Our climate budget must prioritise the displaced
A record-breaking Tk 51,746 crore budget allocation for climate-relevant interventions, marking a 26 percent surge from the previous fiscal year, seems like an unmitigated triumph for a nation on the frontlines of environmental precarity, until one looks closely at where the money actually goes. According to the latest national climate budget data, a staggering 75.2 percent (Tk 38,906 crore) of this total allocation is earmarked solely for adaptation measures, with the bulk concentrated across the Local Government Division, the Ministry of Agriculture, and the Ministry of Water Resources.
While the government spends a large share of money on engineering defences like coastal embankments, excavated canals, and storm regulators to keep the water out, a severe institutional blind spot remains. Addressing the plight of human beings who are already displaced by the water. This is the “brick-and-mortar” bias in our climate policy—a strategy built entirely on the premise of protecting geography, while systematically neglecting the deep crisis of human mobility.
According to data from the World Bank and the International Organization for Migration (IOM), an estimated 2,000 climate migrants arrive in Dhaka alone every single day. Thousands more are forced to stream into the overstretched informal settlements in Khulna or the railway slums of Chattogram. They are not economic migrants who are chasing an urban dream; they are victims of climate displacement fleeing an unravelling ecosystem.

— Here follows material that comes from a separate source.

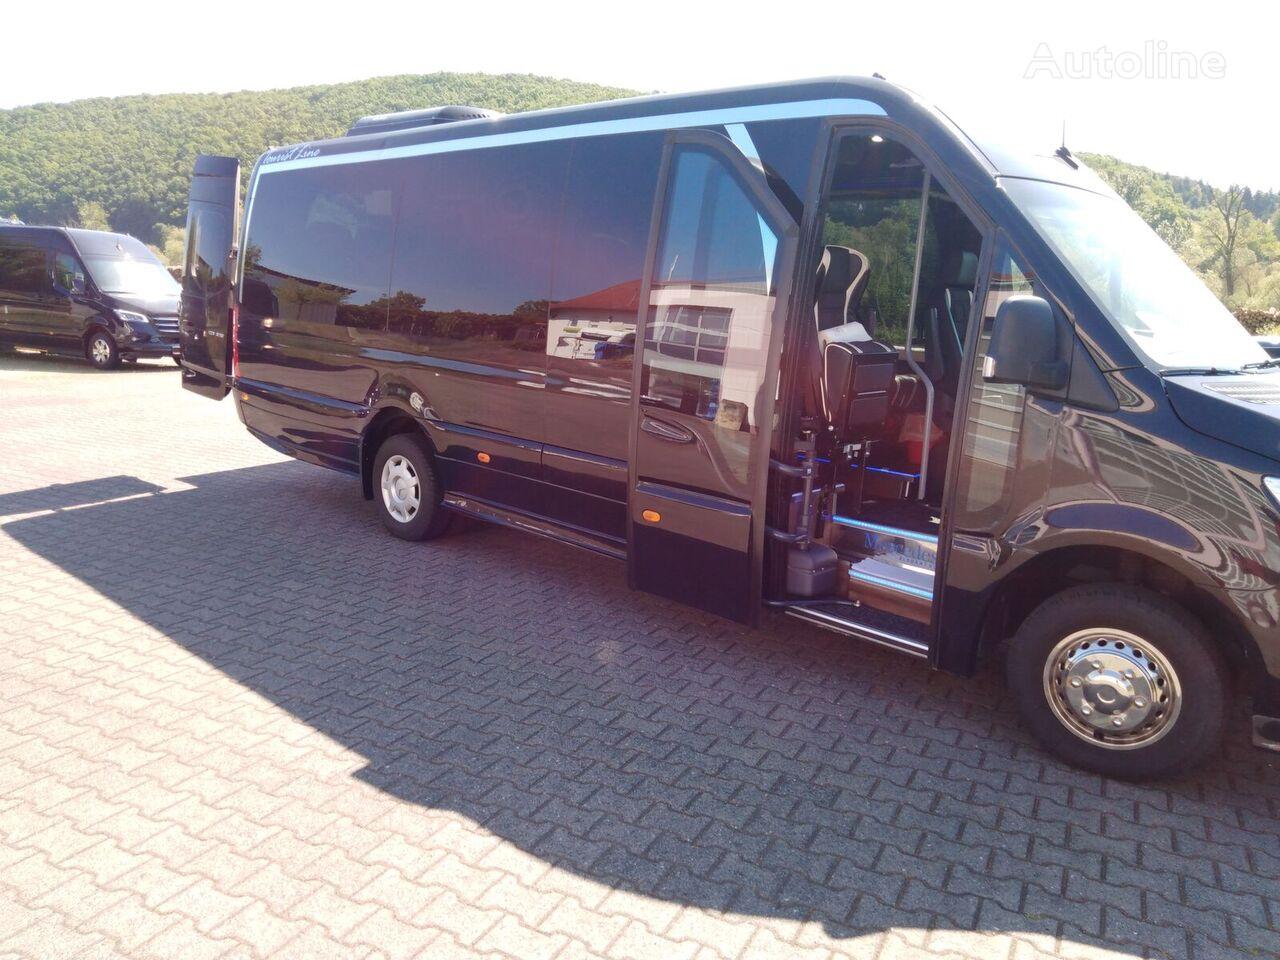 MERCEDES-BENZ Sprinterbus Neu VVW 516CDI Autom Schw 24 ,Panorama, KL,KS.SS uvm autobús de turismo

Under our current fiscal architecture, these individuals undergo a kind of administrative deletion when they migrate. While they remain in their rural coastal or riverine villages, they are visible to the state. They are categorised as “disaster-stricken populations” who are eligible for local social safety nets, emergency relief, or water-management interventions. But the minute they cross an invisible municipal boundary into a major metropolis to survive, their climate-vulnerable status vanishes.
In the eyes of urban planning and municipal budgeting, these displaced internal migrants are instantly re-categorised. They become part of the generic, undifferentiated mass of the “urban poor” or “informal settlers.” As Bangladesh lacks a rights-based legal framework that explicitly tracks, defines, and protects an individual’s status as a climate-induced migrant, there is no dedicated, trackable domestic budget line designed to facilitate their transition, secure urban housing for them, or finance their vocational reskilling. They are left to navigate the precarity of the urban informal economy entirely on their own. This policy failure stems from a fundamental conceptual flaw: treating migration strictly as a “failure of adaptation” that can be engineered away with enough concrete.
While structural protection for agriculture and coastal zones is important, the scale of global environmental change makes large-scale displacement an inevitability. It is also projected that environmental degradation and climate shocks could displace up to 13.3 million people within Bangladesh by 2050. Megacities like Dhaka are already bursting at the seams, and their capacity is already exhausted, relegating urban slums to secondary zones of climate vulnerability where migrants face a grim new reality of intense heatwaves and chronic water scarcity.
If our national climate fiscal policy continues to invest the vast majority of its resources into rural brick-and-mortar while ignoring urban resettlement, it will simply be postponing an inevitable socioeconomic crisis.
To break this cycle, Bangladesh must urgently pivot from defensive engineering to proactive, rights-based climate budgeting. Our fiscal strategy must start investing in the dignity and survival of the people. To turn this vision into reality, the government must bridge the structural gap in policies and enhance cooperation between key ministries by embedding distinct, dedicated budgets for “loss and damage resettlement” and “urban integration” directly into the national climate framework. In addition, this funding should target secondary cities equipped to integrate migrants sustainably. For this reason, local governments in Mongla, Rajshahi, and Bogura need consistent fiscal support to develop resilient low-income housing, improve public infrastructure, and create sustainable jobs tailored for climate migrants.
True climate resilience cannot be measured merely by kilometres of embankments or the raw expansion of budgetary allocations. It should be judged by the dignity, rights, and security we extend to those who have lost everything to the tide. If our climate budget fails to balance its focus on structural infrastructure with a rights-based framework for human mobility, our green development will remain an illusion.
Mst. Asma Mahmud is senior civil judge and MPhil fellow at the Institute of Bangladesh Studies in University of Rajshahi.
Views expressed in this article are the author's own.